RECORDED INFORMATION:
*** Block opens ***

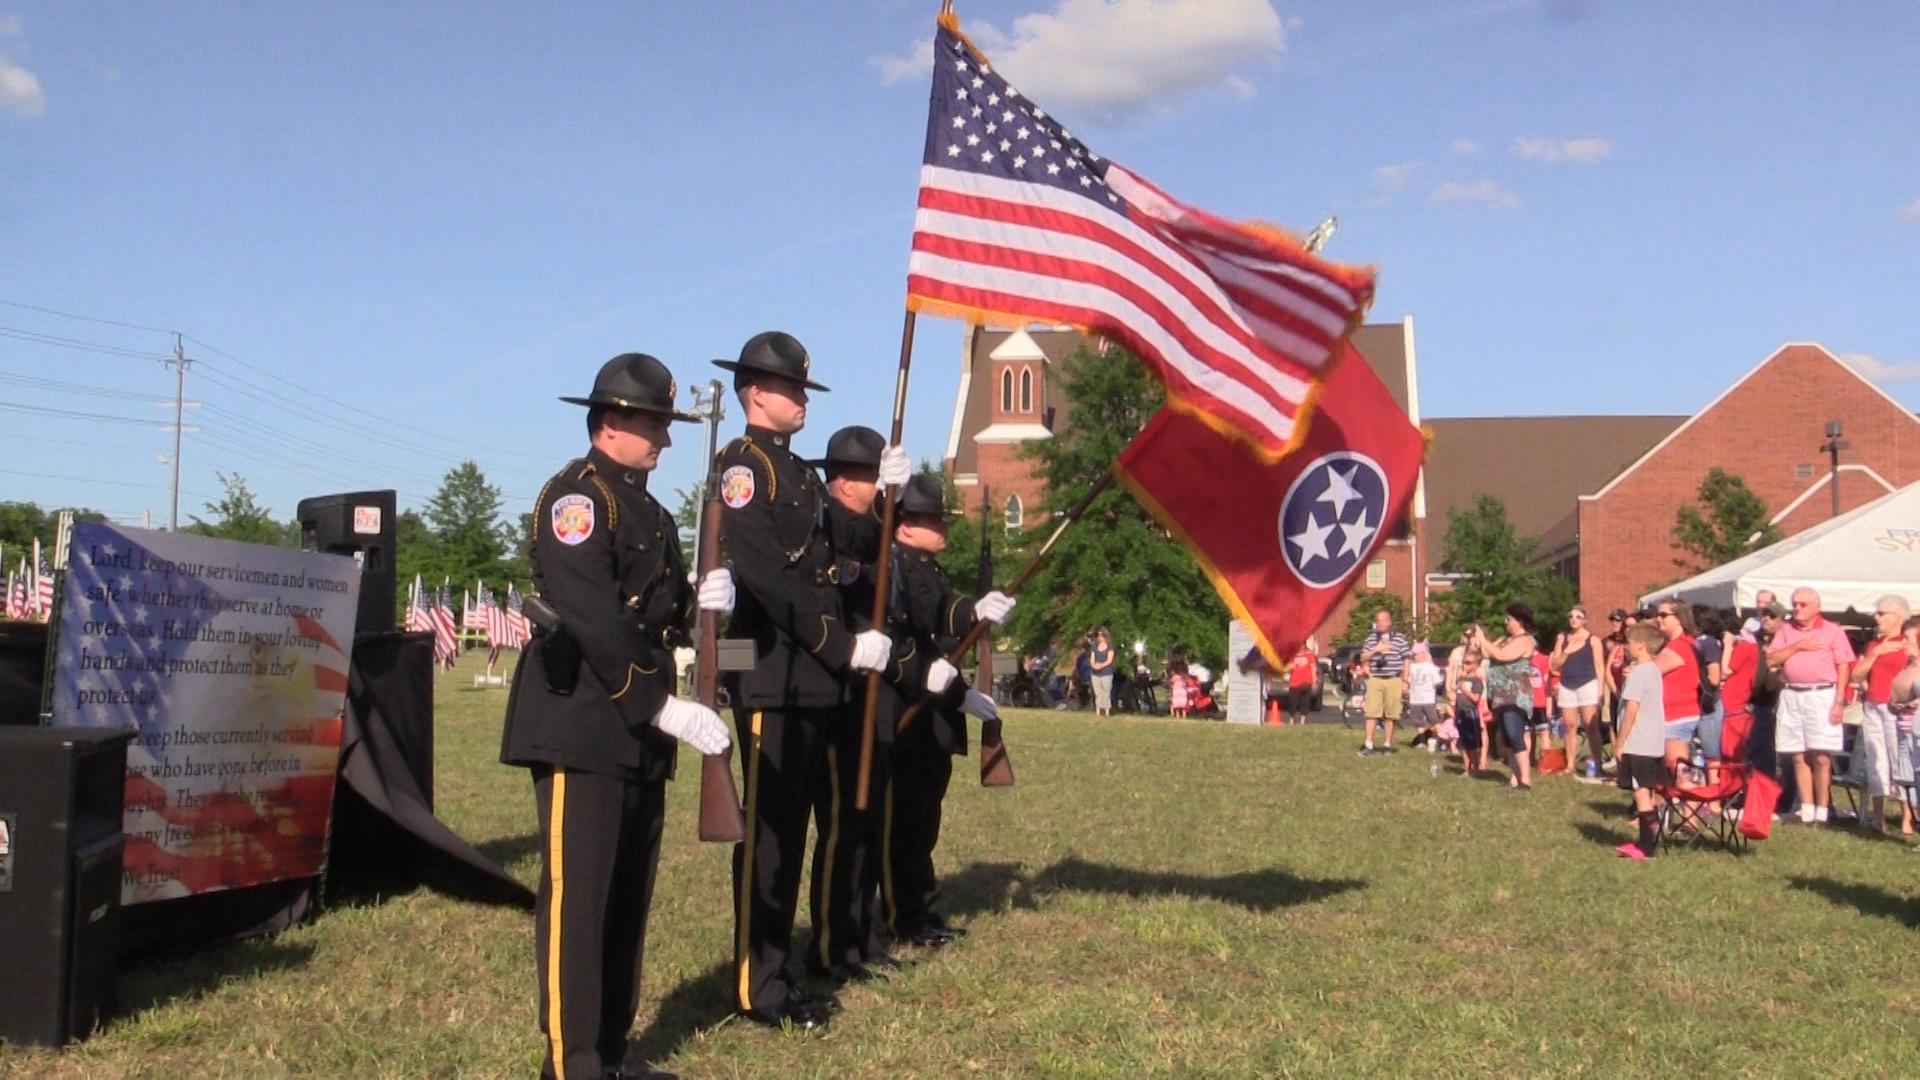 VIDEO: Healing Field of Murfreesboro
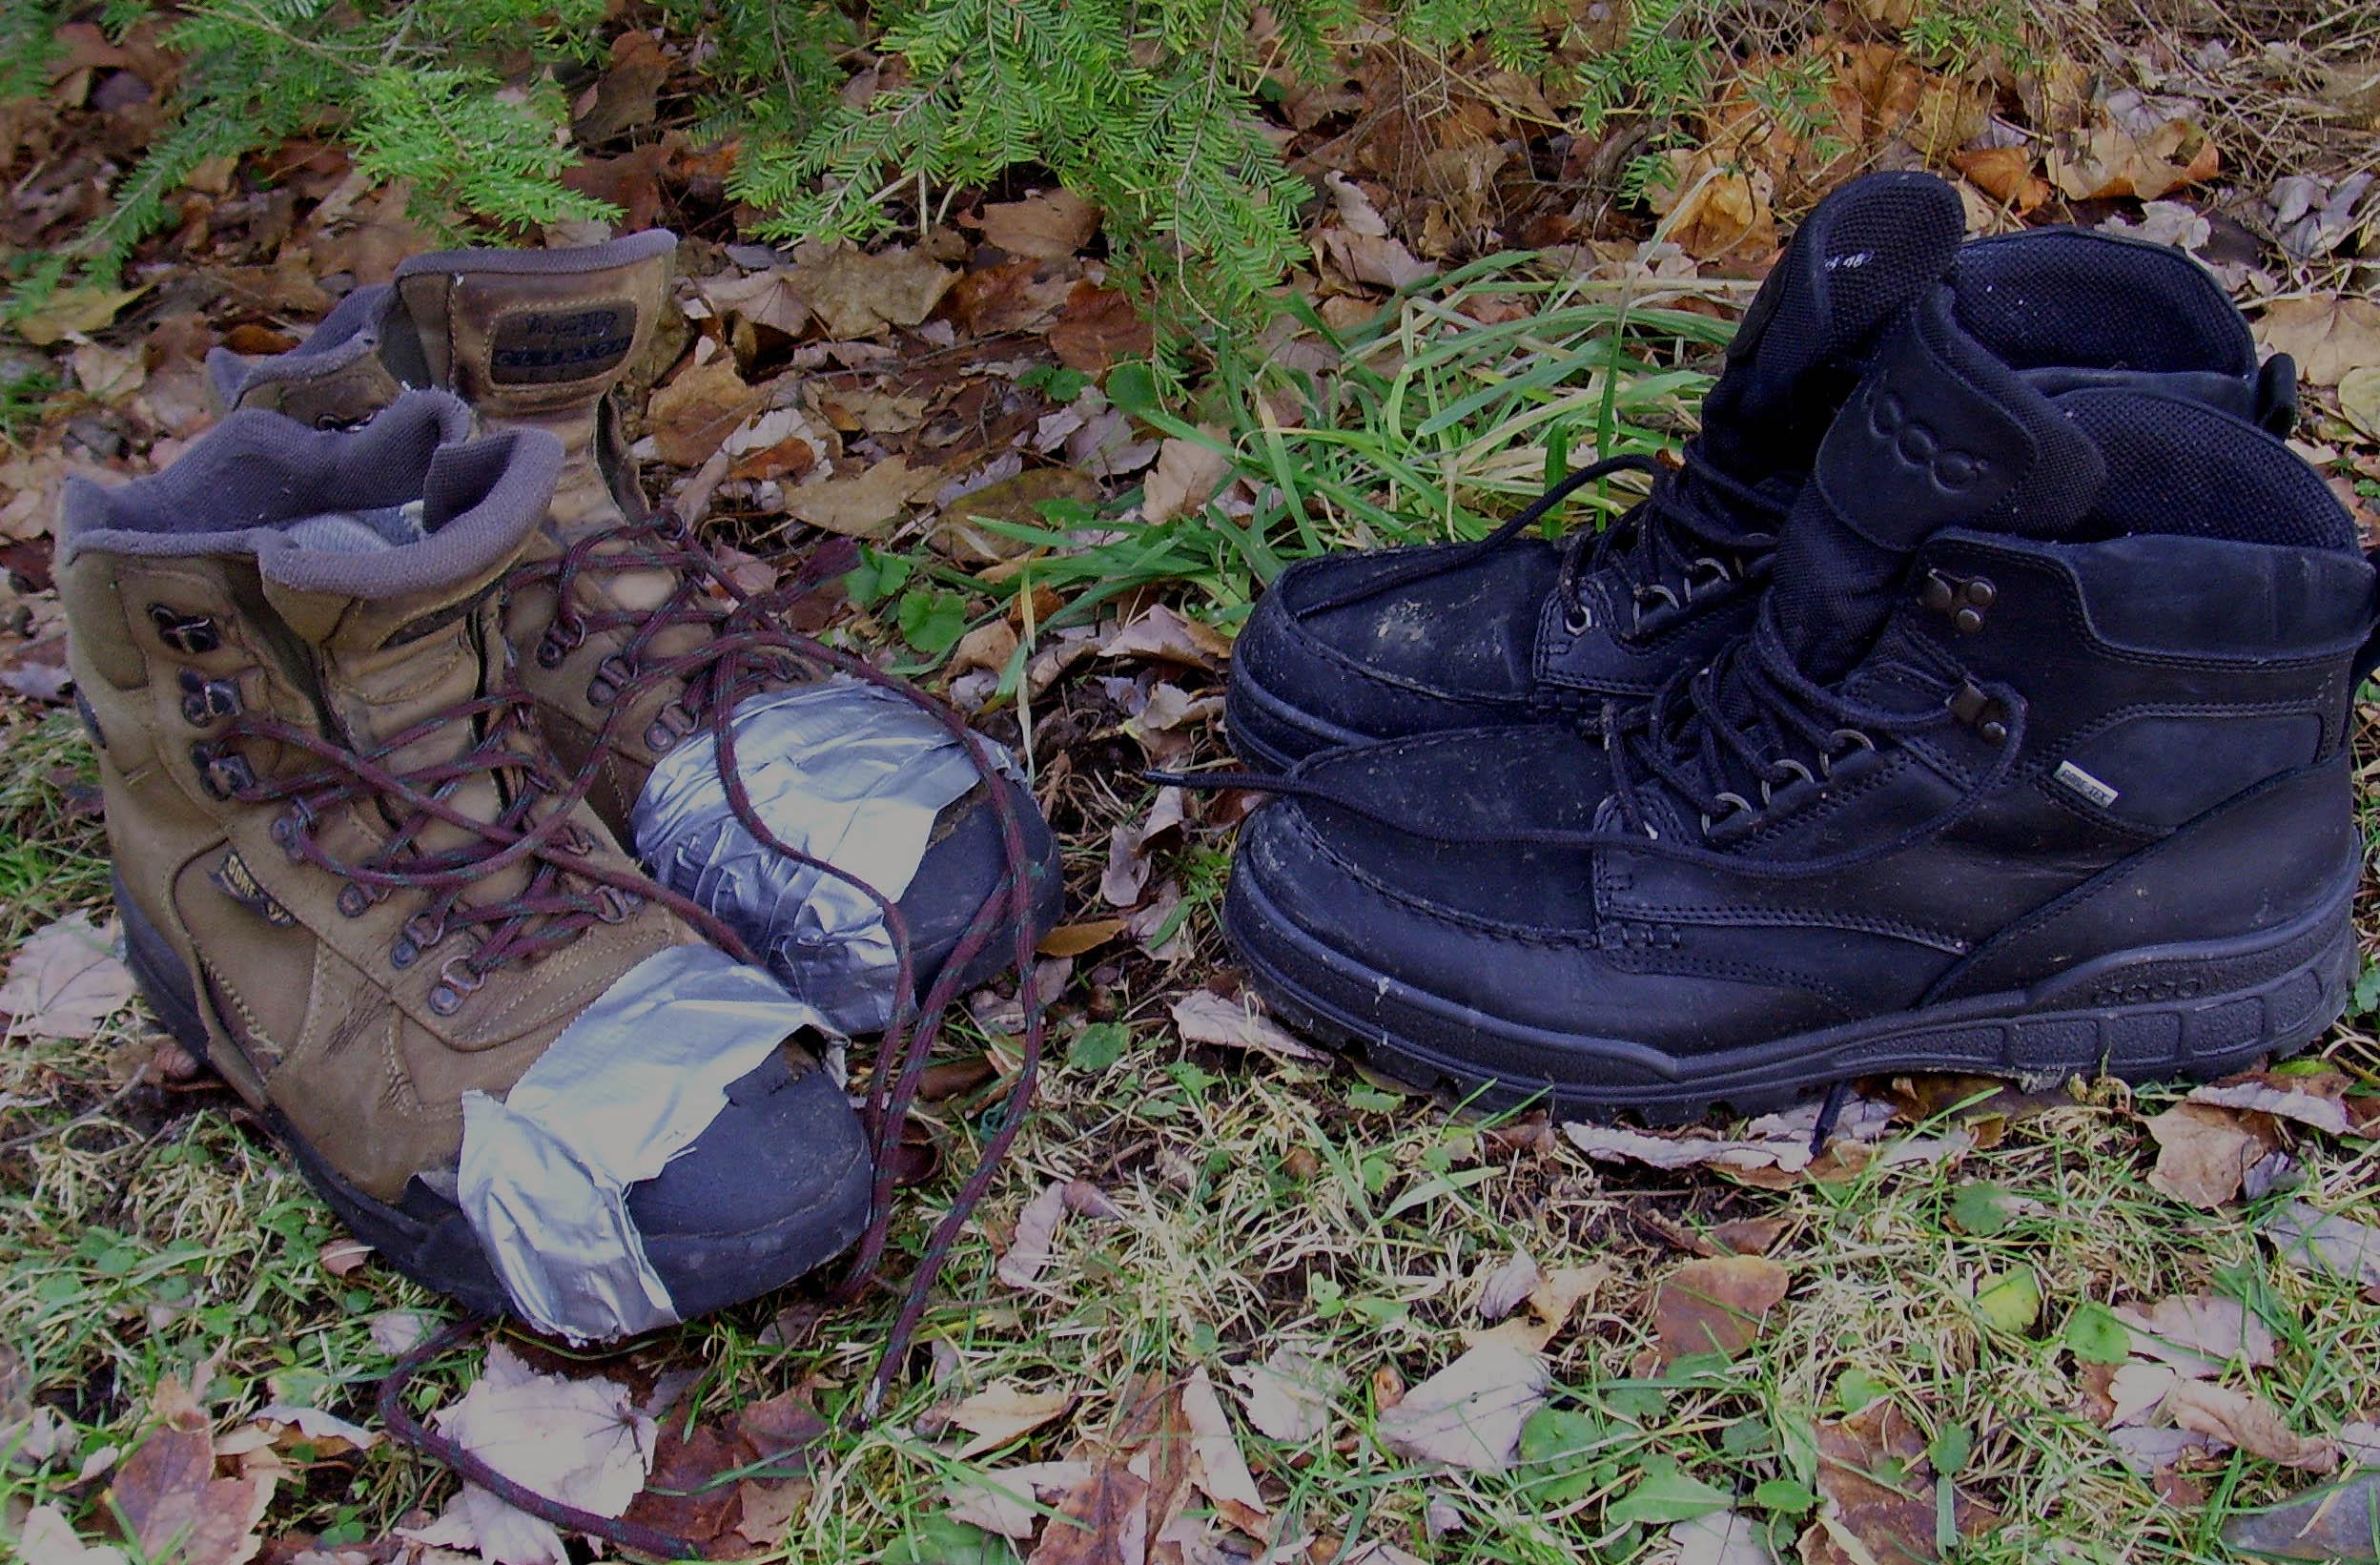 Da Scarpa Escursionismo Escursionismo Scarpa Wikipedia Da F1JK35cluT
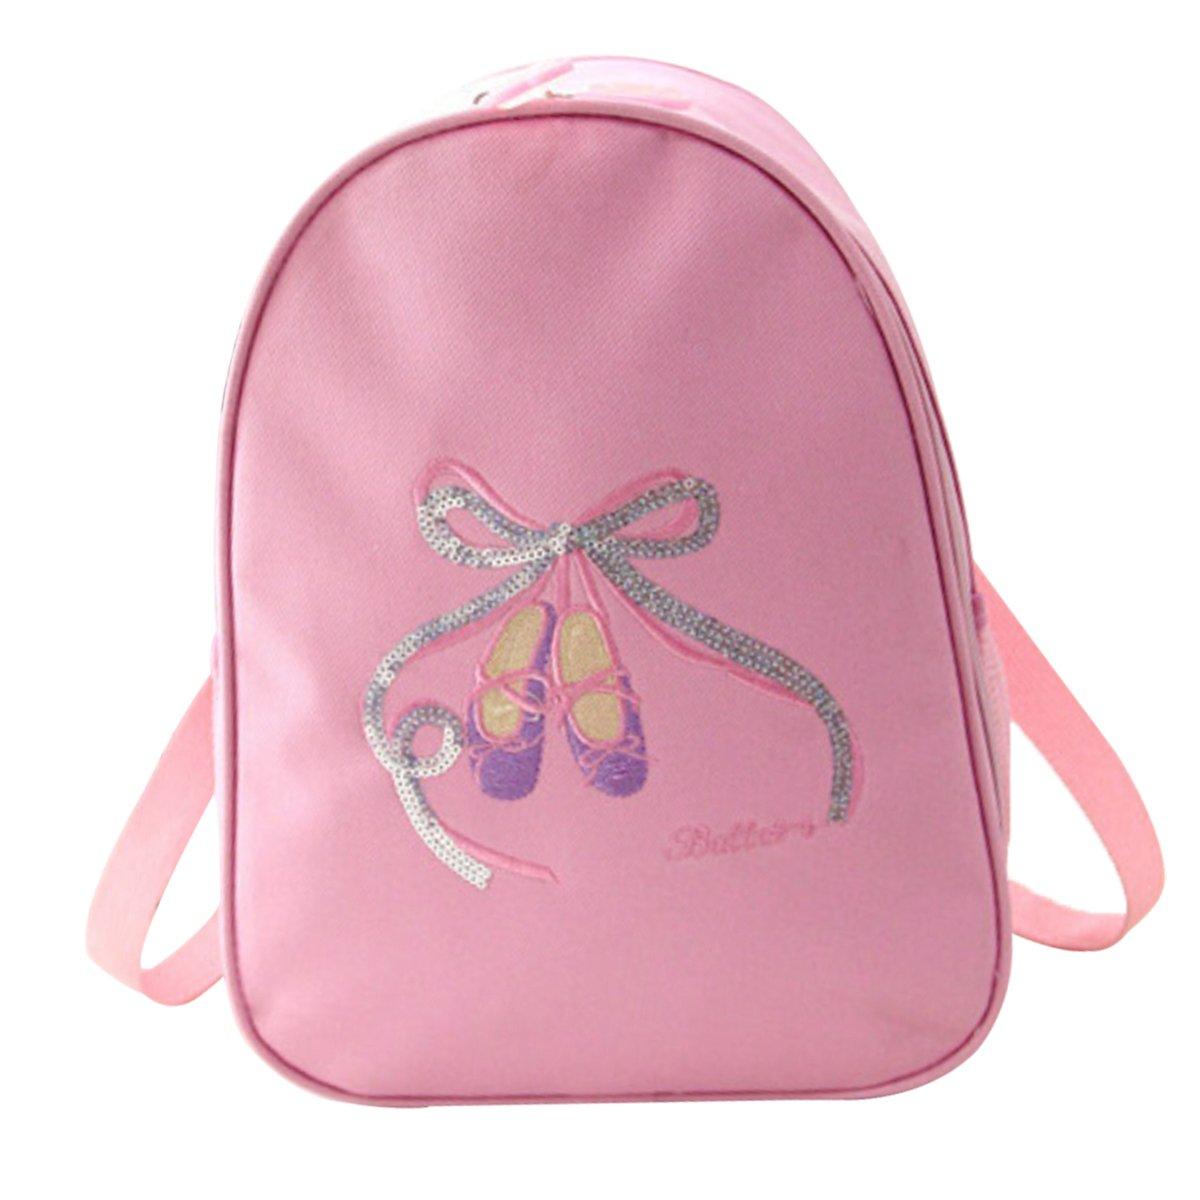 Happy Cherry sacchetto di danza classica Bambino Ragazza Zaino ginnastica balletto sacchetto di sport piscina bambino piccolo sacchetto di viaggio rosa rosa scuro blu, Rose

*** Block closes ***

WHAT THE EXERCISE ASKS: Your reply should hold every line of the material, unaltered, and not one picture.

SOLVED PROBLEM:
 VIDEO: Healing Field of Murfreesboro
 Da Scarpa Escursionismo Escursionismo Scarpa Wikipedia Da F1JK35cluT
 Happy Cherry sacchetto di danza classica Bambino Ragazza Zaino ginnastica balletto sacchetto di sport piscina bambino piccolo sacchetto di viaggio rosa rosa scuro blu, Rose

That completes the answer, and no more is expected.